» **Task input**:
------------------------------------------------------------

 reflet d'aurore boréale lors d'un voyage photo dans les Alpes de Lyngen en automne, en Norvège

------------------------------------------------------------

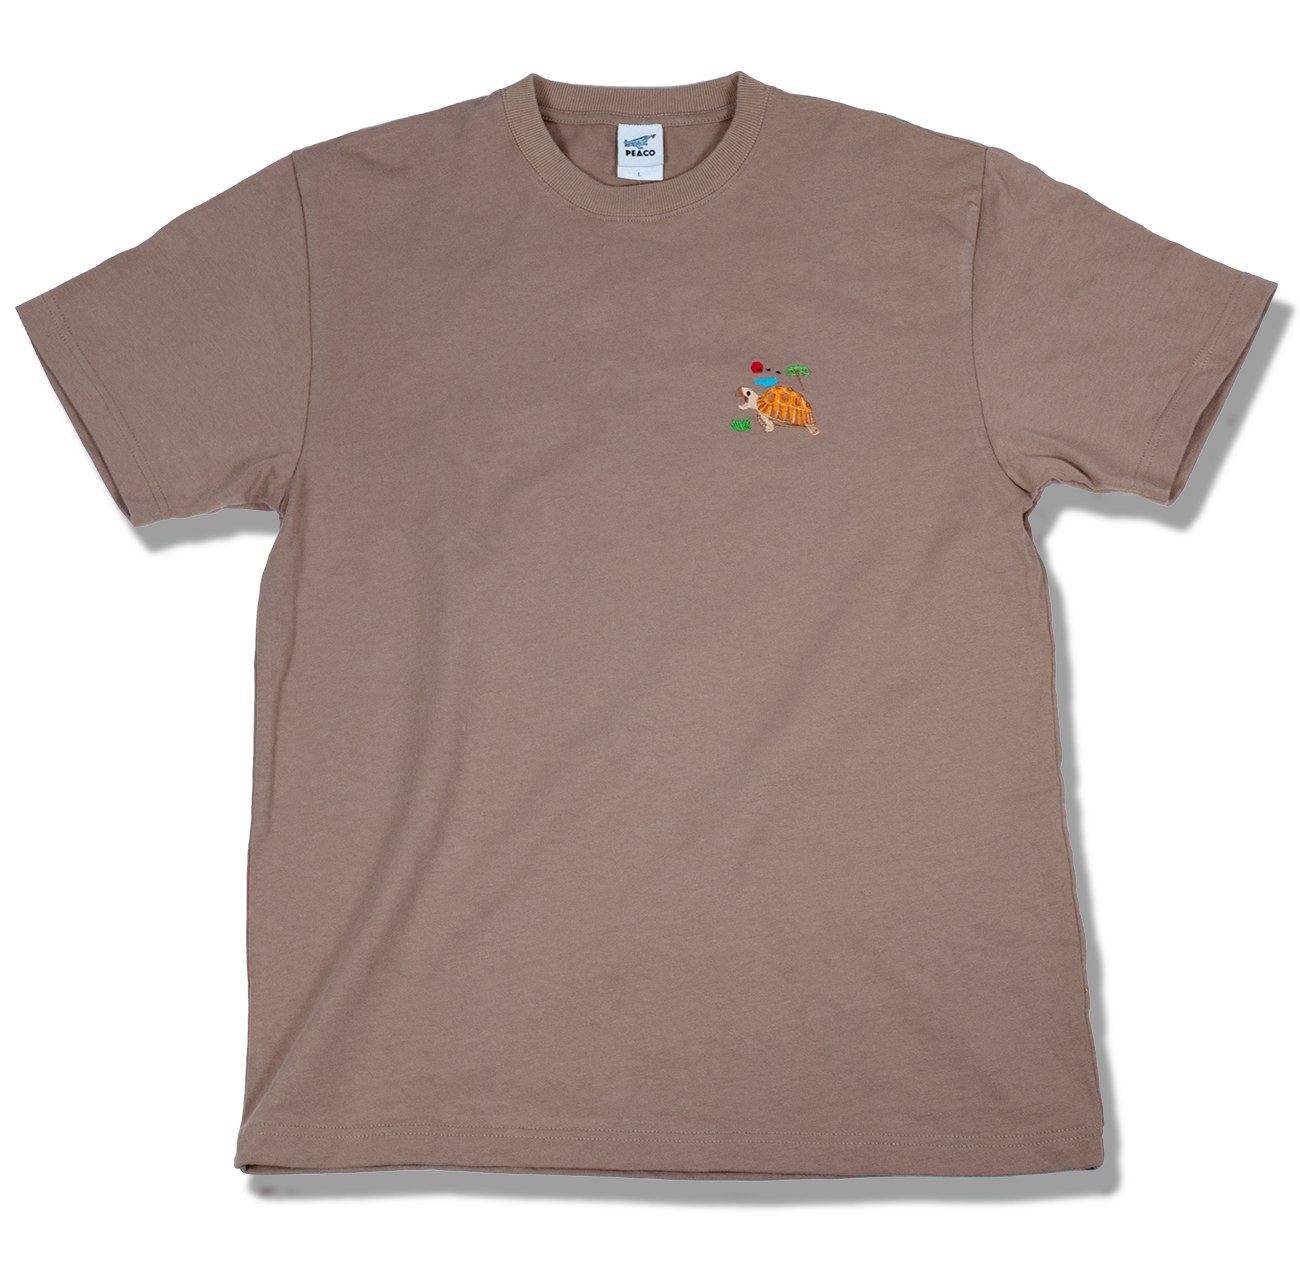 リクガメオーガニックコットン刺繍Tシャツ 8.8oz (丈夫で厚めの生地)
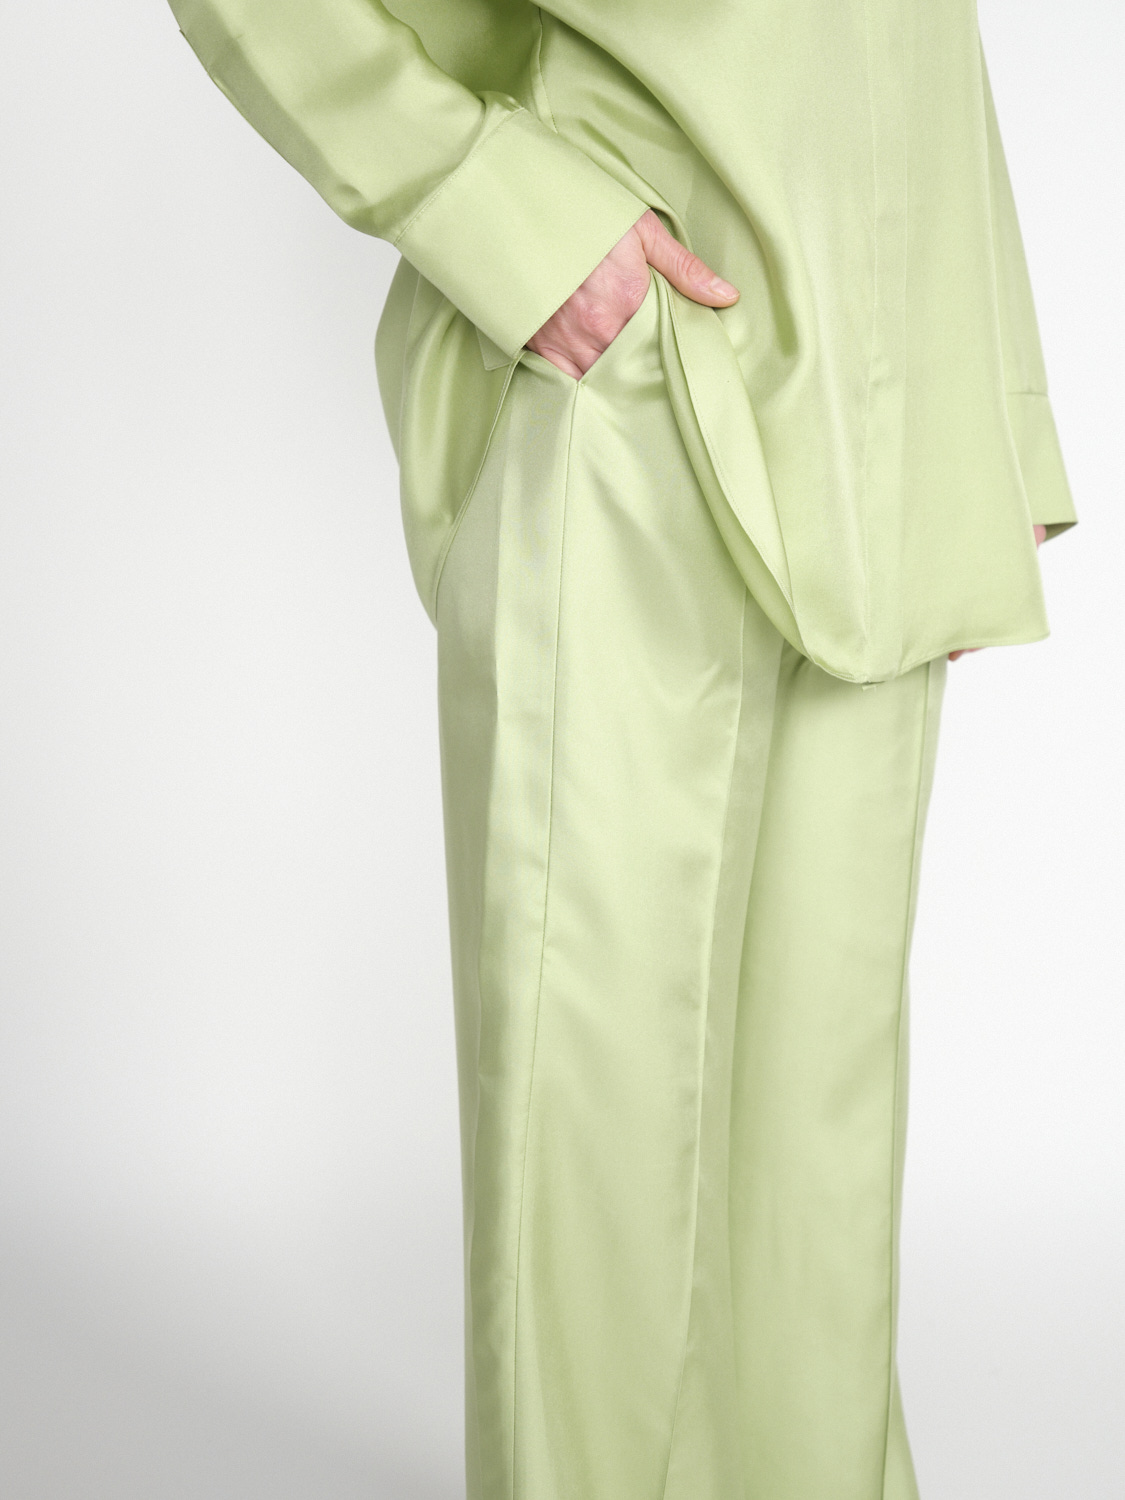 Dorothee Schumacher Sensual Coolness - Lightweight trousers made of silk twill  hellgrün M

------------------------------------------------------------

» **About this exercise**: Your answer is the exact run of lines above from the one with "リクガメオーガニックコットン刺繍Tシャツ 8.8oz (丈夫で厚めの生地)" through the one with "Dorothee Schumacher Sensual", both ends included, minus any picture.

» **Result for this task**:
 リクガメオーガニックコットン刺繍Tシャツ 8.8oz (丈夫で厚めの生地)
 Dorothee Schumacher Sensual Coolness - Lightweight trousers made of silk twill  hellgrün M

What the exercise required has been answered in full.